What you have to do = Word for word, repeat each of the records below.

Records =
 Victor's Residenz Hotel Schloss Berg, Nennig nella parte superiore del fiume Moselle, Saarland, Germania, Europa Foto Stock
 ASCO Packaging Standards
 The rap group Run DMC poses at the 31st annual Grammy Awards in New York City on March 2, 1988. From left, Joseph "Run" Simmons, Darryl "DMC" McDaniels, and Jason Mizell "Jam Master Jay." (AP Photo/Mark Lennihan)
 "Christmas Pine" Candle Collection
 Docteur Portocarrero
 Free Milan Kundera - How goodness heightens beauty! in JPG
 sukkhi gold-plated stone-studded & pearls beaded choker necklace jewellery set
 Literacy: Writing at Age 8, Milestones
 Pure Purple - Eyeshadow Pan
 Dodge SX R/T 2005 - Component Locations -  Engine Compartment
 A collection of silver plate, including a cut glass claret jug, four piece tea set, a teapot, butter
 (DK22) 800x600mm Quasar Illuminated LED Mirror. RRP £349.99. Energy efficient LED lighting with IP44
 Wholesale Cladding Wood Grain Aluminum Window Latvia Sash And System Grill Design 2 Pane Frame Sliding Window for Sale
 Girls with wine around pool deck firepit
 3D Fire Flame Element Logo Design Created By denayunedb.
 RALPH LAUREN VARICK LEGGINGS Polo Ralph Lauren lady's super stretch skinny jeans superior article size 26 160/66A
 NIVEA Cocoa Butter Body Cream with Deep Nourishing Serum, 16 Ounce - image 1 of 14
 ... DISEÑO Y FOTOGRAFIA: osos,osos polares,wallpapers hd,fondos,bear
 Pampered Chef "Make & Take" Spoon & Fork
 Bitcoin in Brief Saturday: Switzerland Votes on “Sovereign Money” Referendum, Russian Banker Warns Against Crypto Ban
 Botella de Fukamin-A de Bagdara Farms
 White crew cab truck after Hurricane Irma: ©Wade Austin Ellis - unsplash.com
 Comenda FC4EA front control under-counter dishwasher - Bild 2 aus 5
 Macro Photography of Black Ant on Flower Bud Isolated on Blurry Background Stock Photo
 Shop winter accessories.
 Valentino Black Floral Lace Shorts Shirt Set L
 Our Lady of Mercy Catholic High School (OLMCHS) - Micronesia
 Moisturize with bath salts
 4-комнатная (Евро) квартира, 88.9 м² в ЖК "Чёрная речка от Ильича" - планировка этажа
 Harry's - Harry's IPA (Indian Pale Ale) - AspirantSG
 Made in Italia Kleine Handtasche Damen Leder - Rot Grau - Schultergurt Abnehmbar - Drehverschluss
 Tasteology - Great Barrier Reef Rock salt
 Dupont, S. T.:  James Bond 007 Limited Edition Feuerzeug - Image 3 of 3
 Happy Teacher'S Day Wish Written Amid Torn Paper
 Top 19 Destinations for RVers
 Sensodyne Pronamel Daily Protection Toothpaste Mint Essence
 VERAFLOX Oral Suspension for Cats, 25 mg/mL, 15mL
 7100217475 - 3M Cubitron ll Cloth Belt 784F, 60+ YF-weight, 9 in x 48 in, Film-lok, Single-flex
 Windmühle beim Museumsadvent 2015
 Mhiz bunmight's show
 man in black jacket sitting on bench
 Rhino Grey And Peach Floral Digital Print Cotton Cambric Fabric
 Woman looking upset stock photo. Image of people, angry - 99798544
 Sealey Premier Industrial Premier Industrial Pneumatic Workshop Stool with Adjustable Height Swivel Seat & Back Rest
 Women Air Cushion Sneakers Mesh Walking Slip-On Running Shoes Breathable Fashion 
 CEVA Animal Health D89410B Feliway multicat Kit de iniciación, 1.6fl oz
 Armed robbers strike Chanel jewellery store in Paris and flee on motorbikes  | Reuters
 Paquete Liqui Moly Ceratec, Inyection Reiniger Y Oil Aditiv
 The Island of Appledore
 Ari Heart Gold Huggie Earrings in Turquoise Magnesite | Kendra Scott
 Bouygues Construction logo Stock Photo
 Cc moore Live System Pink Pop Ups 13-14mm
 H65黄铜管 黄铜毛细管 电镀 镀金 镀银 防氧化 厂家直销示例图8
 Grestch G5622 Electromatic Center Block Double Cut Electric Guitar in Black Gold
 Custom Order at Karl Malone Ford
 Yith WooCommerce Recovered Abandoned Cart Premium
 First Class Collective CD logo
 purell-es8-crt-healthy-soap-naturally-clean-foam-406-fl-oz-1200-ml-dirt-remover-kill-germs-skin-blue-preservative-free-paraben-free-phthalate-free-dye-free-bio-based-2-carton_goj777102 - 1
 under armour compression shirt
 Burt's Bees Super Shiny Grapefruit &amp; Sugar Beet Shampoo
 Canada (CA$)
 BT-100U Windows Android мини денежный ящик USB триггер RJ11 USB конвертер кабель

Solution to this exercise =
 Victor's Residenz Hotel Schloss Berg, Nennig nella parte superiore del fiume Moselle, Saarland, Germania, Europa Foto Stock
 ASCO Packaging Standards
 The rap group Run DMC poses at the 31st annual Grammy Awards in New York City on March 2, 1988. From left, Joseph "Run" Simmons, Darryl "DMC" McDaniels, and Jason Mizell "Jam Master Jay." (AP Photo/Mark Lennihan)
 "Christmas Pine" Candle Collection
 Docteur Portocarrero
 Free Milan Kundera - How goodness heightens beauty! in JPG
 sukkhi gold-plated stone-studded & pearls beaded choker necklace jewellery set
 Literacy: Writing at Age 8, Milestones
 Pure Purple - Eyeshadow Pan
 Dodge SX R/T 2005 - Component Locations -  Engine Compartment
 A collection of silver plate, including a cut glass claret jug, four piece tea set, a teapot, butter
 (DK22) 800x600mm Quasar Illuminated LED Mirror. RRP £349.99. Energy efficient LED lighting with IP44
 Wholesale Cladding Wood Grain Aluminum Window Latvia Sash And System Grill Design 2 Pane Frame Sliding Window for Sale
 Girls with wine around pool deck firepit
 3D Fire Flame Element Logo Design Created By denayunedb.
 RALPH LAUREN VARICK LEGGINGS Polo Ralph Lauren lady's super stretch skinny jeans superior article size 26 160/66A
 NIVEA Cocoa Butter Body Cream with Deep Nourishing Serum, 16 Ounce - image 1 of 14
 ... DISEÑO Y FOTOGRAFIA: osos,osos polares,wallpapers hd,fondos,bear
 Pampered Chef "Make & Take" Spoon & Fork
 Bitcoin in Brief Saturday: Switzerland Votes on “Sovereign Money” Referendum, Russian Banker Warns Against Crypto Ban
 Botella de Fukamin-A de Bagdara Farms
 White crew cab truck after Hurricane Irma: ©Wade Austin Ellis - unsplash.com
 Comenda FC4EA front control under-counter dishwasher - Bild 2 aus 5
 Macro Photography of Black Ant on Flower Bud Isolated on Blurry Background Stock Photo
 Shop winter accessories.
 Valentino Black Floral Lace Shorts Shirt Set L
 Our Lady of Mercy Catholic High School (OLMCHS) - Micronesia
 Moisturize with bath salts
 4-комнатная (Евро) квартира, 88.9 м² в ЖК "Чёрная речка от Ильича" - планировка этажа
 Harry's - Harry's IPA (Indian Pale Ale) - AspirantSG
 Made in Italia Kleine Handtasche Damen Leder - Rot Grau - Schultergurt Abnehmbar - Drehverschluss
 Tasteology - Great Barrier Reef Rock salt
 Dupont, S. T.:  James Bond 007 Limited Edition Feuerzeug - Image 3 of 3
 Happy Teacher'S Day Wish Written Amid Torn Paper
 Top 19 Destinations for RVers
 Sensodyne Pronamel Daily Protection Toothpaste Mint Essence
 VERAFLOX Oral Suspension for Cats, 25 mg/mL, 15mL
 7100217475 - 3M Cubitron ll Cloth Belt 784F, 60+ YF-weight, 9 in x 48 in, Film-lok, Single-flex
 Windmühle beim Museumsadvent 2015
 Mhiz bunmight's show
 man in black jacket sitting on bench
 Rhino Grey And Peach Floral Digital Print Cotton Cambric Fabric
 Woman looking upset stock photo. Image of people, angry - 99798544
 Sealey Premier Industrial Premier Industrial Pneumatic Workshop Stool with Adjustable Height Swivel Seat & Back Rest
 Women Air Cushion Sneakers Mesh Walking Slip-On Running Shoes Breathable Fashion 
 CEVA Animal Health D89410B Feliway multicat Kit de iniciación, 1.6fl oz
 Armed robbers strike Chanel jewellery store in Paris and flee on motorbikes  | Reuters
 Paquete Liqui Moly Ceratec, Inyection Reiniger Y Oil Aditiv
 The Island of Appledore
 Ari Heart Gold Huggie Earrings in Turquoise Magnesite | Kendra Scott
 Bouygues Construction logo Stock Photo
 Cc moore Live System Pink Pop Ups 13-14mm
 H65黄铜管 黄铜毛细管 电镀 镀金 镀银 防氧化 厂家直销示例图8
 Grestch G5622 Electromatic Center Block Double Cut Electric Guitar in Black Gold
 Custom Order at Karl Malone Ford
 Yith WooCommerce Recovered Abandoned Cart Premium
 First Class Collective CD logo
 purell-es8-crt-healthy-soap-naturally-clean-foam-406-fl-oz-1200-ml-dirt-remover-kill-germs-skin-blue-preservative-free-paraben-free-phthalate-free-dye-free-bio-based-2-carton_goj777102 - 1
 under armour compression shirt
 Burt's Bees Super Shiny Grapefruit &amp; Sugar Beet Shampoo
 Canada (CA$)
 BT-100U Windows Android мини денежный ящик USB триггер RJ11 USB конвертер кабель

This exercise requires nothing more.